Tokio-Express. Premier contact avec Tokio


Article de René Lévesque paru dans l’hebdomadaire montréalais Le Petit Journal, le 2 septembre 1951, p. 47. (source: BAnQ)


J’ai vu Tokio pour la première fois un soir, de la jeep qui me conduisait de l’aéroport d’Haneda (qui est le Dorval japonais, contrôlé par l’aviation américaine) à l’hôtel Marunouchi. Longue course de plus de trois quart d’heure à travers des quartiers grouillants. Cette ville est immense. J’ai appris par la suite qu’elle s’étalait sur plus de 200 milles carrés et comptait plus de cinq millions d’habitants.

Tokio, USA

En quittant l’aéroport, la voiture a éclairé un instant de ses phares un grand écriteau rouge sur le bord de la route. « Drink Coca-Cola!» Parole d’honneur… Après six ans d’occupation, d’ailleurs, la griffe yankee est partout visible, triomphante. Dans les innombrables boutiques qui transforment des rues entières en autant de bazars, j’ai vu, fièrement installés au sommet des étalages, les tablettes de chocolat Hershey, le savon Palmolive; sous le comptoir, par le canal du marché noir, arrivent les cigarettes. Tout cela, bien entendu, à des prix fous. (Fous, pour la bourse japonaise: le salaire d’un bon ouvrier est ici d’environ 8,000 yen par mois – 22 dollars!)

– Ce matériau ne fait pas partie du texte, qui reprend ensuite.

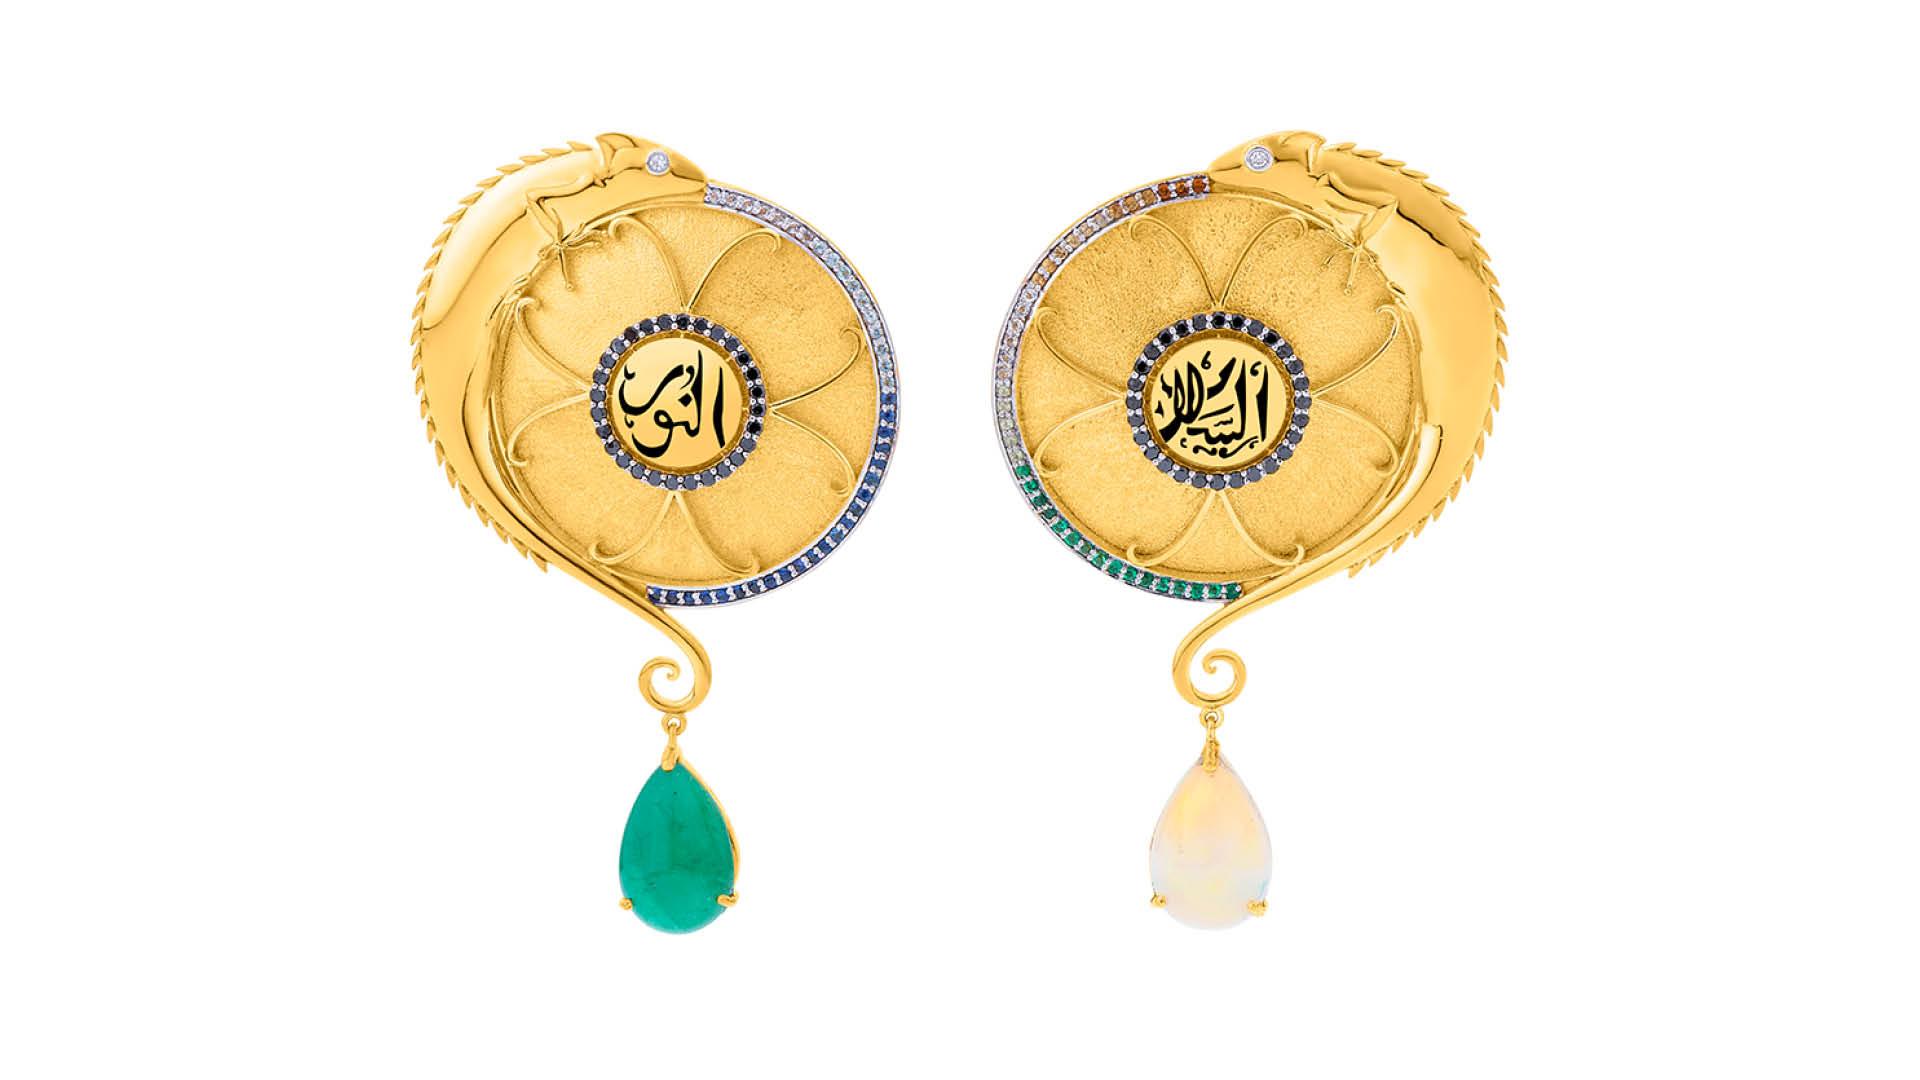 MKS Jewellery Amalie Beljafla

L’anglais est la langue seconde. Pour s’en convaincre, il suffit de jeter un coup d’œil sur les stands de journaux à tous les carrefours et sur les minuscules librairies qu’on trouve jusque dans les plus misérables recoins – car au Japon, où l’école primaire est absolument obligatoire, il n’est personne qui ne sache au moins lire et écrire couramment. Les seuls journaux que j’y aie vus imprimés autrement qu’en bâtonnets verticaux sont le Nippon Times et le Mainichi, tous deux anglais. J’ai admiré aussi une foule de magazines d’articles de sport, dont la couverture porte invariablement la photo de quelque champion frappeur japonais, le bâton sur l’épaule, s’apprêtant à cogner un coup de circuit. Le baseball est en effet aussi populaire au Japon qu’aux États-Unis, et j’ai vu des équipes de quartier se disputer de furieuses parties à l’ombre même des murs de pierre qui entourent, au centre de Tokio, le palais et les vastes jardins où se promène, trône et songe mystérieusement l’insignifiant petit homme à lunettes qui est toujours l’empereur du pays du soleil levant…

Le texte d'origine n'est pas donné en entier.